Vitamin A - Promotes cell growth by helping the body to process protein and absorb calcium.
 
 
[http://www.dailystrength.org/people/1885875/journal click here]
 
 
Iron - Strengthens hair regrowth helping to prevent hair from receding.
 
 
Folate - Promotes cell renewal and therefore promotes growth.
 
 
Selenium - Aids in the production of sebum, natural oil made by hair follicle.
 
 
Zinc - Prevents shedding, promotes hair regrowth, and helps keep hair shiny with its natural color (prevent graying).
 
 
5 Healthy Hair Foods
 
 
Eggs - Eggs provide a simple supply of protein, biotin, selenium and iron. Starting every day off with one or two boiled eggs with the yolks is definitely an excellent way to add these essentials for your daily plan.
 
 
Salmon - Salmon is one of the best natural dietary causes of omega-3 fats. It is also an excellent source of protein, B - 12 and iron.
 
 
Kale - Green leafy vegetables provide iron, calcium and vitamin A. Particularly, kale is definitely an extraordinary source of all of these healthy nutrients and more. It is one of the darkest green vegetables, and for that reason contains high concentrations of the nutrients it contains.
 
 
Poultry - Eat chicken and turkey for protein, but also for zinc and iron.
 
 
Black Beans - Legumes and beans provide protein, iron, zinc and biotin. Black beans, in particular, are a high performing super bean rich in concentrations of nutrients.
 
 
Supplements
 
 
Of course, it is not enough to merely eat these minerals and vitamins, you have to eat enough of them.

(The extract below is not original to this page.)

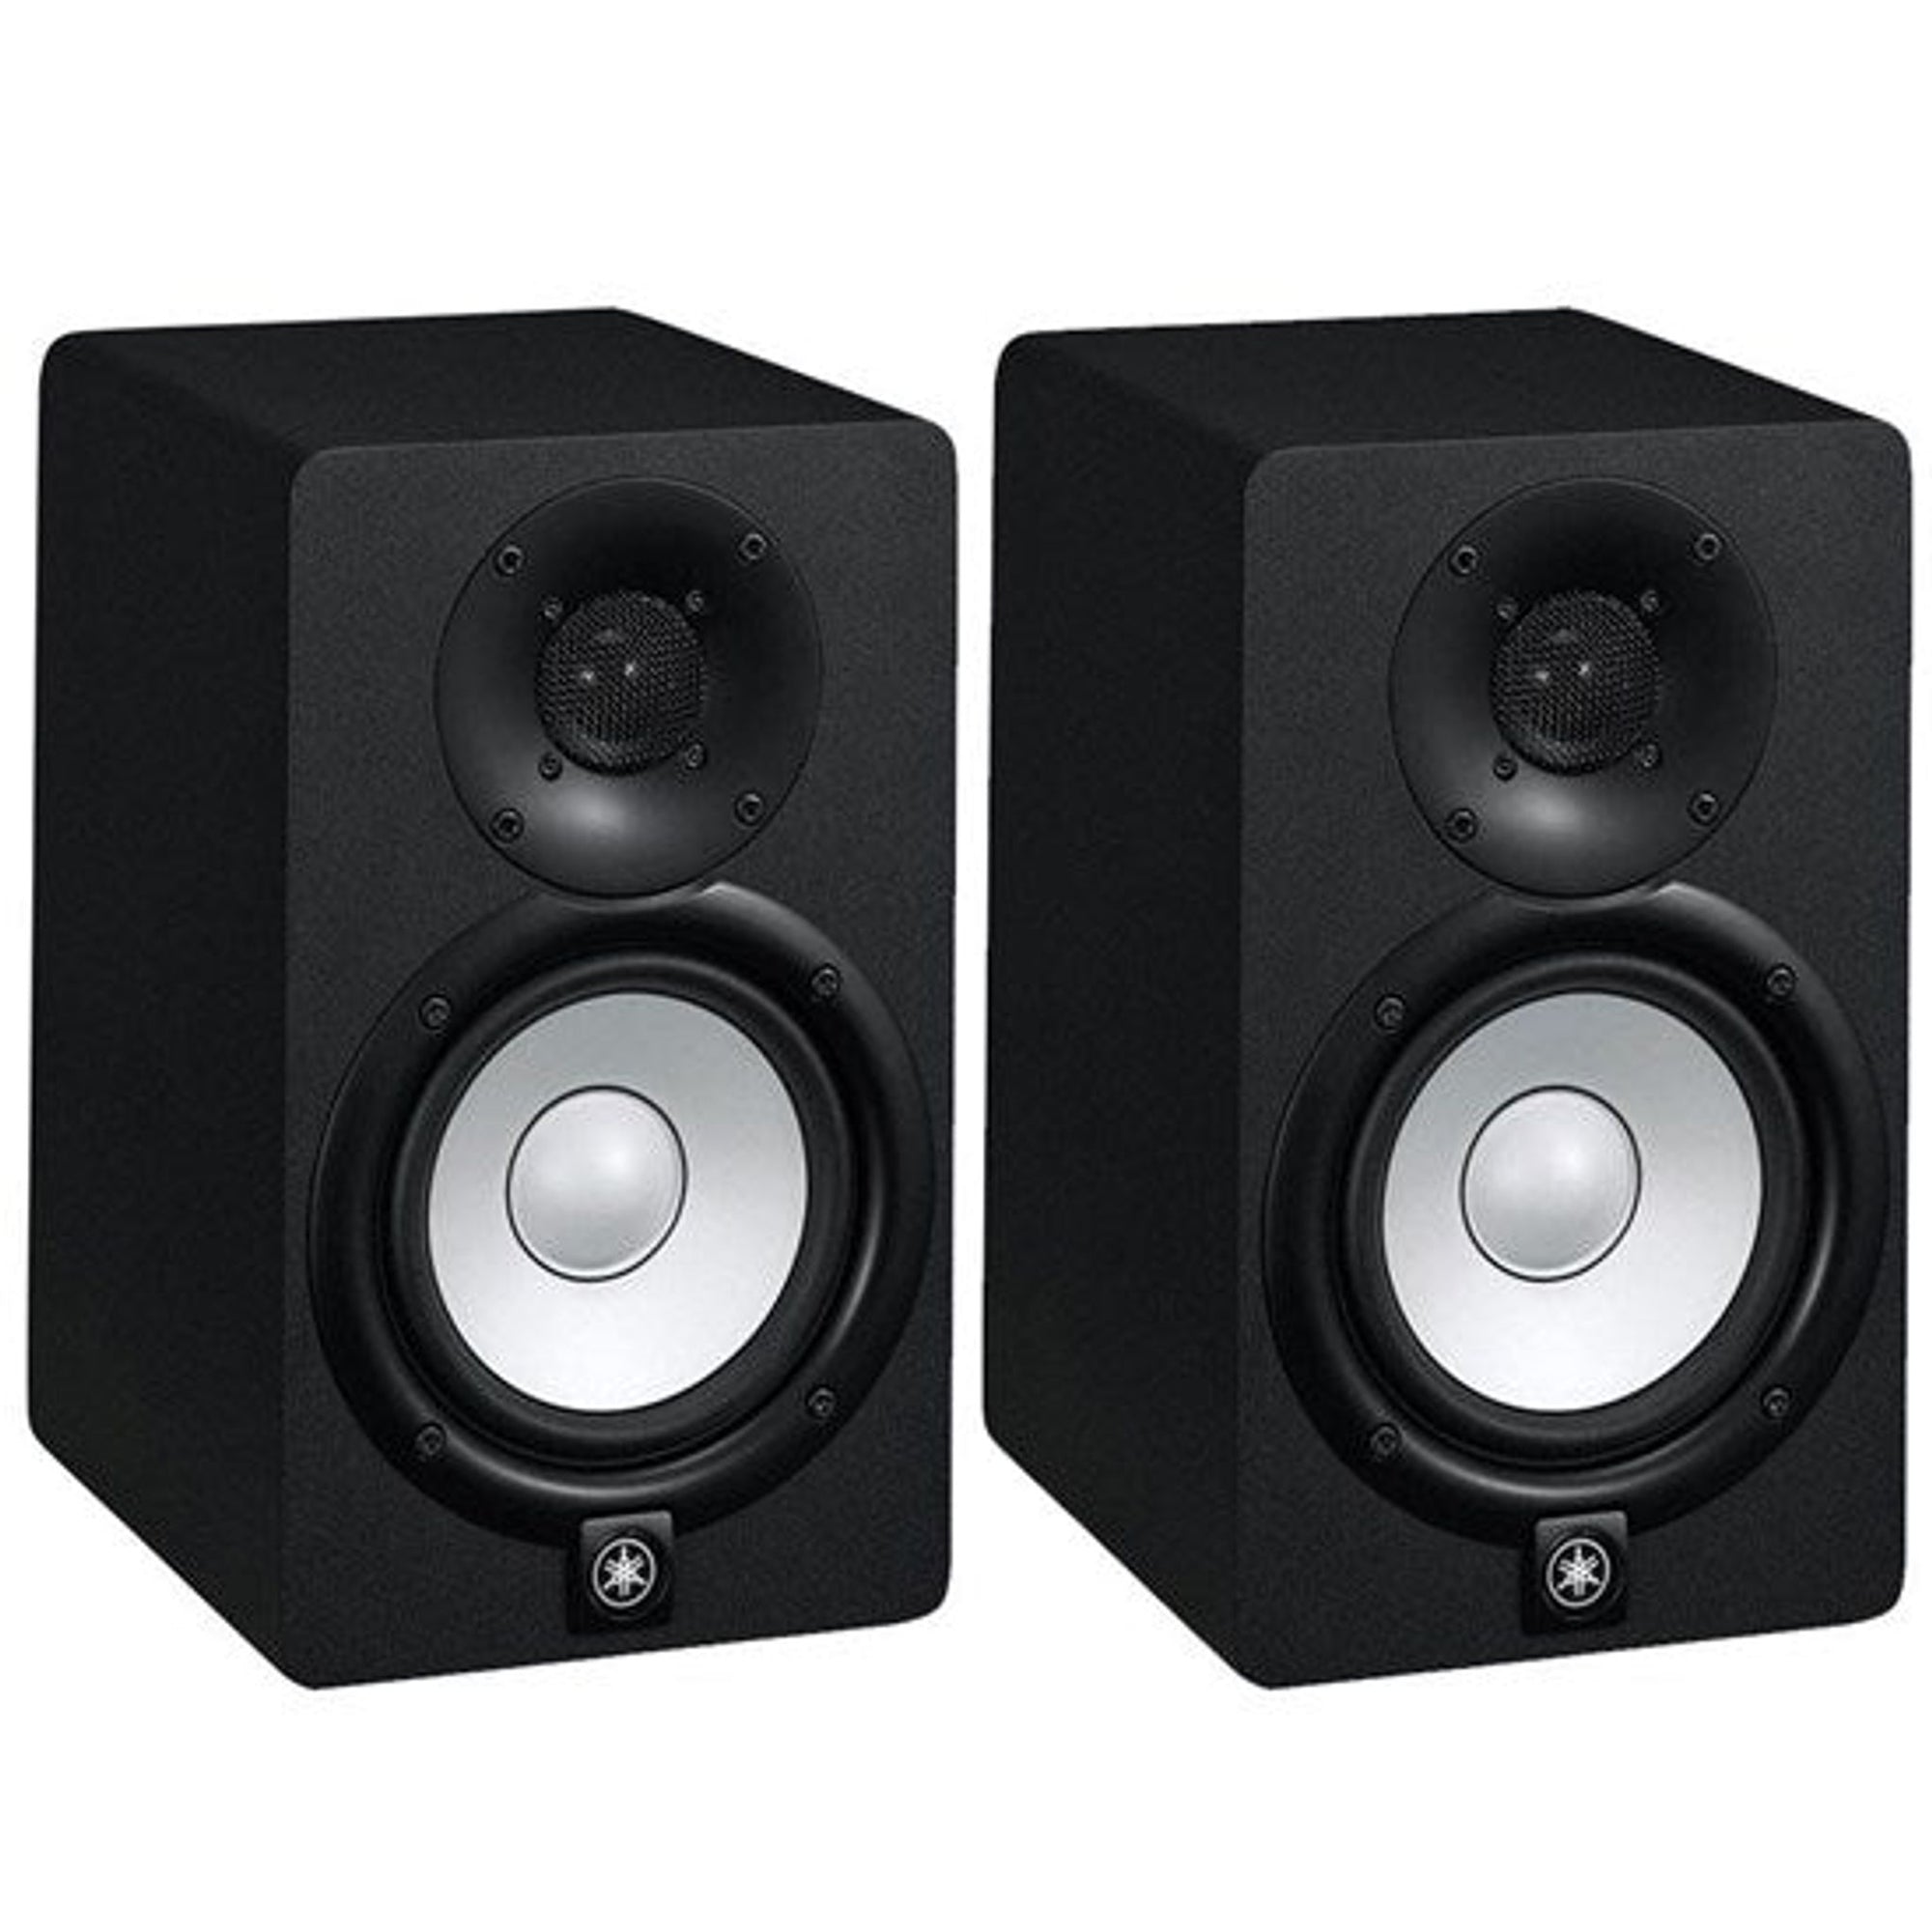 The Yamaha HS5 Active Nearfield Studio Monitors maintain the iconic white woofer and signature sound of Yamaha's nearfield reference monitors have been the industry standard since their introduction in the 1970s for one reason: accuracy.

Given this, it's reasonable to incorporate a Hair and Nail supplemental pill or any other multi - vitamin into your daily routine to ensure the you get an adequate amount of each of these minerals and vitamins. One down - side to these supplements is they are often quite large and hard to swallow. A simple solution to this really is to also pick up a pill cutter when you purchase the supplements. Specific hair and nail enhancing formulas also often have a very strong and unpleasant odor for them. There isn't much you can do relating to this apart from to hold your breath and swallow!